* [Data extracts]
━━━━━━━━

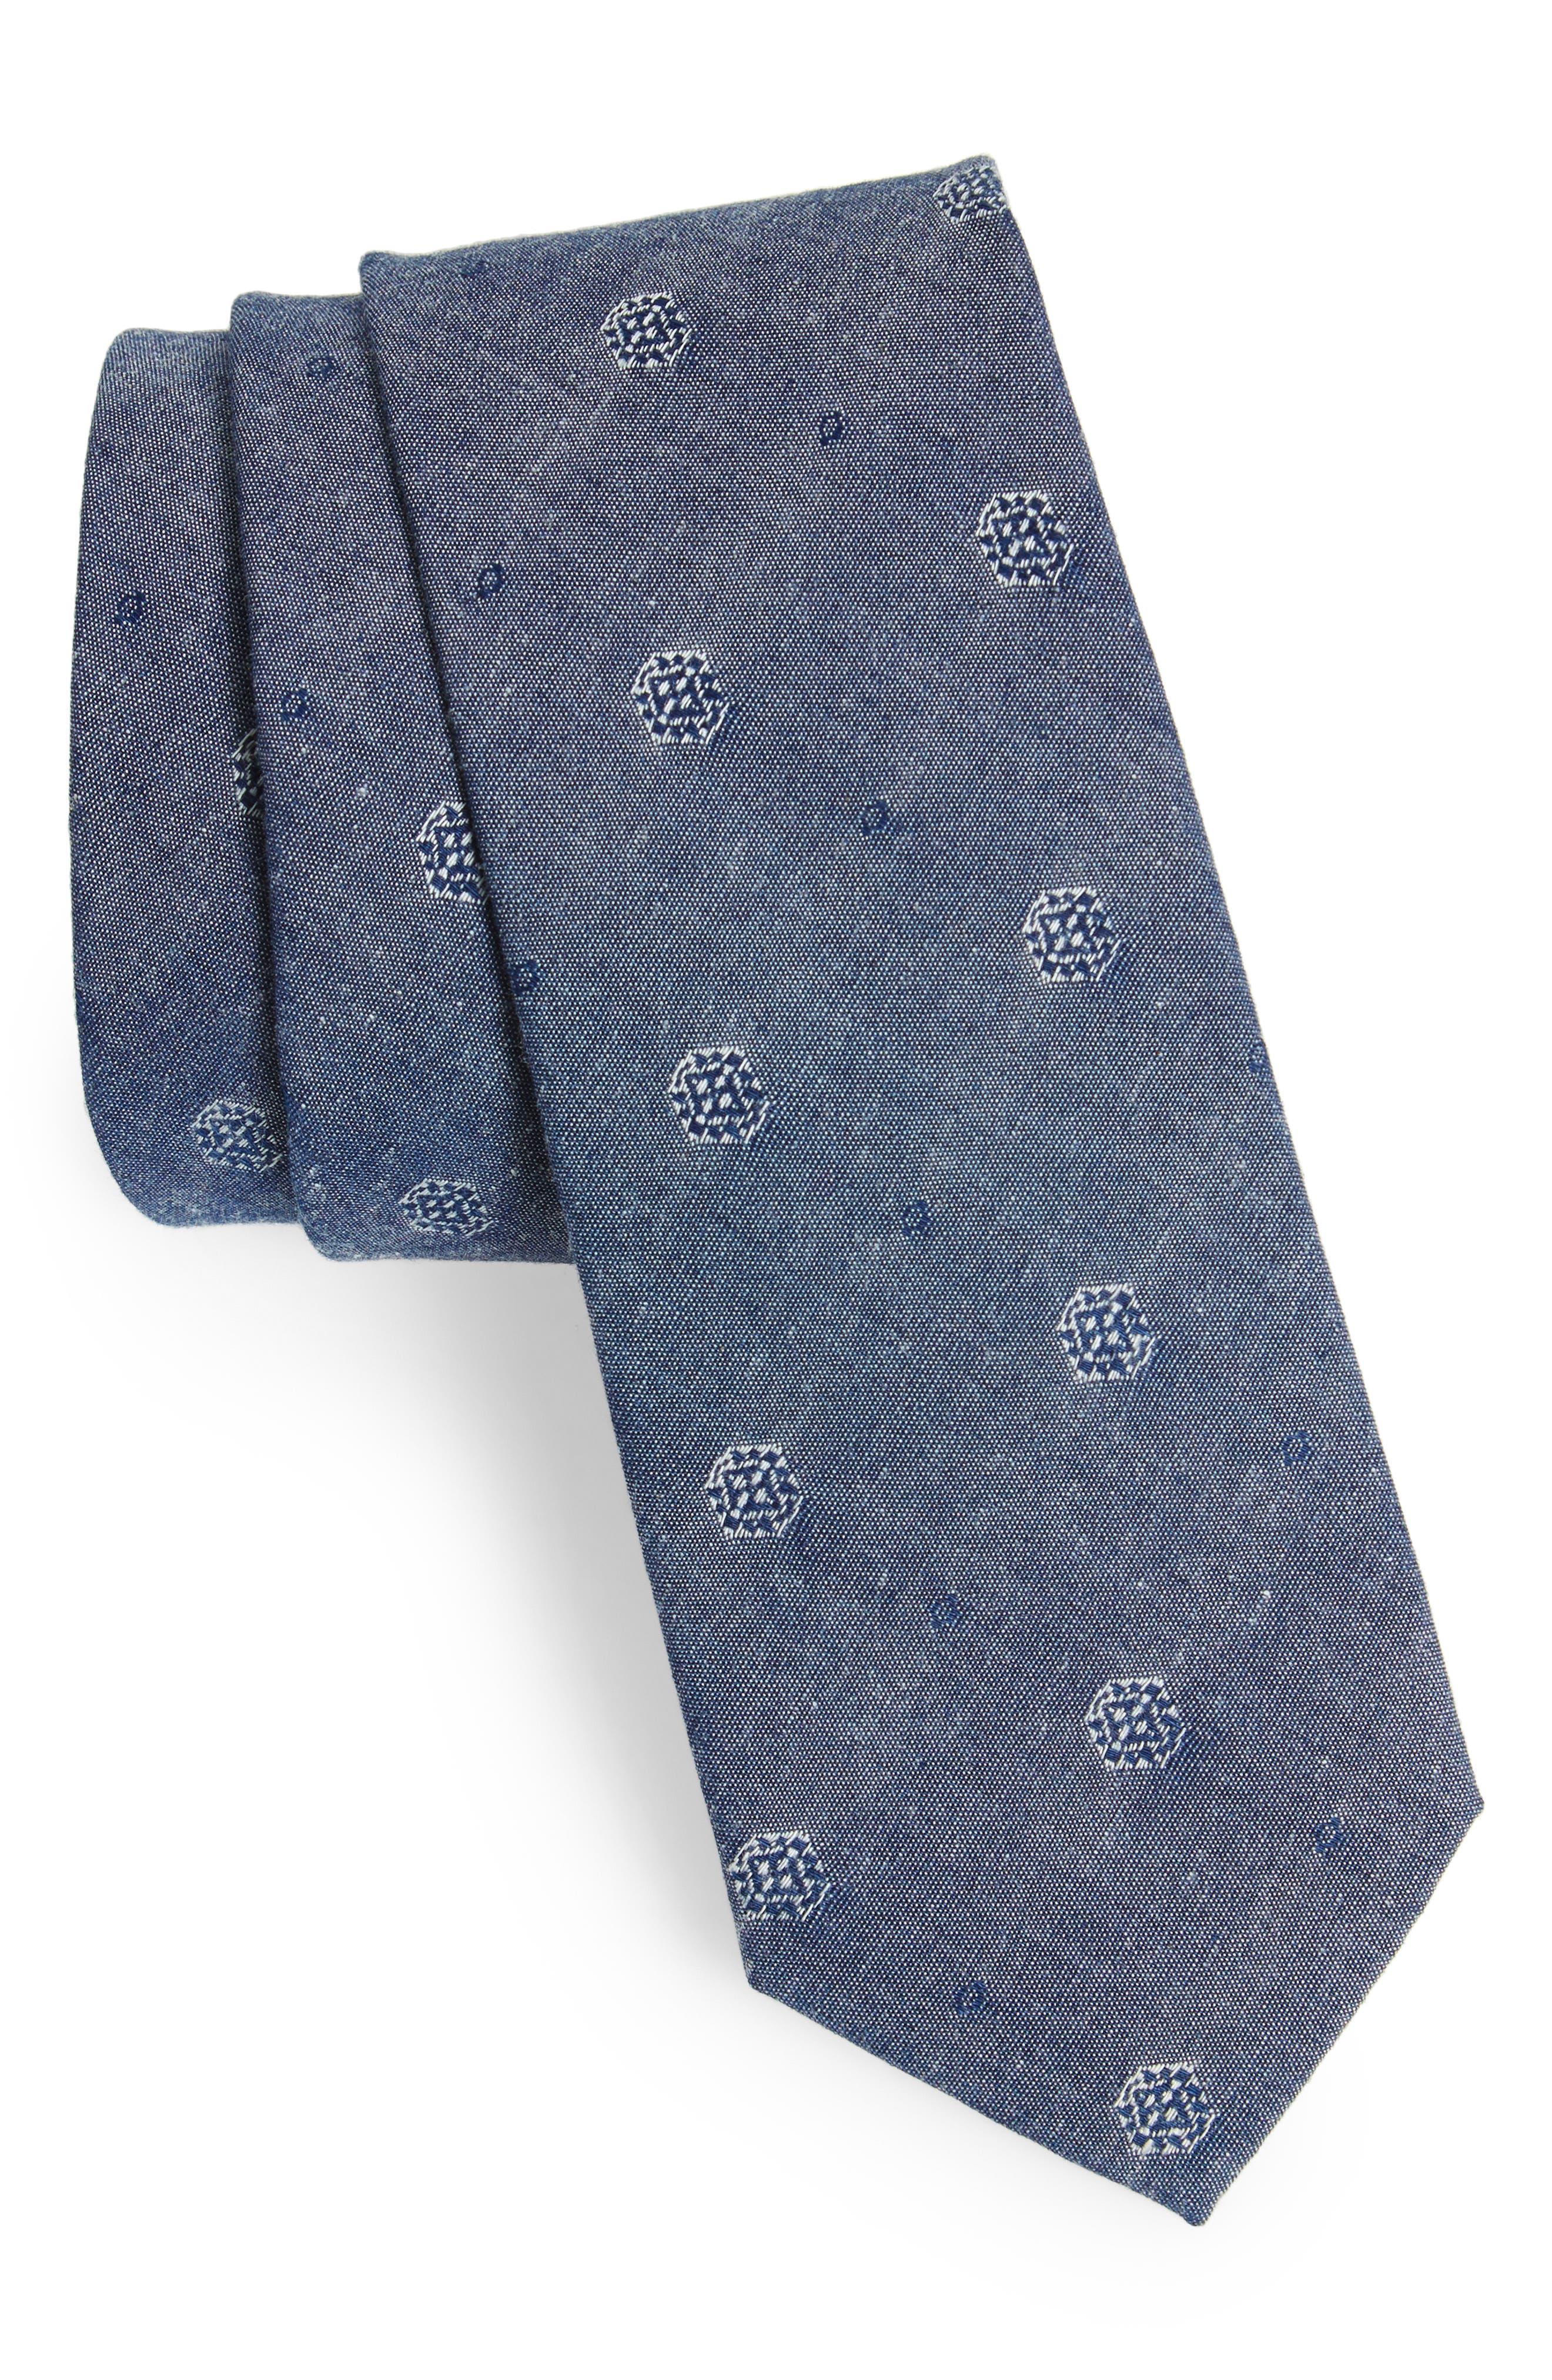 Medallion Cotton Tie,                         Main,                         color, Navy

━━━━━━━━

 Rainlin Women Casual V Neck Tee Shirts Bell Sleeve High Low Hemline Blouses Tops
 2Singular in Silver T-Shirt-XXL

━━━━━━━━

* [Exercise] Extract from the listing above the lines between the line containing "Rainlin Women Casual" and the line containing "2Singular in Silver T-Shirt-XXL", keeping both of those lines. Output nothing else.

* [Result of this task]
 Rainlin Women Casual V Neck Tee Shirts Bell Sleeve High Low Hemline Blouses Tops
 2Singular in Silver T-Shirt-XXL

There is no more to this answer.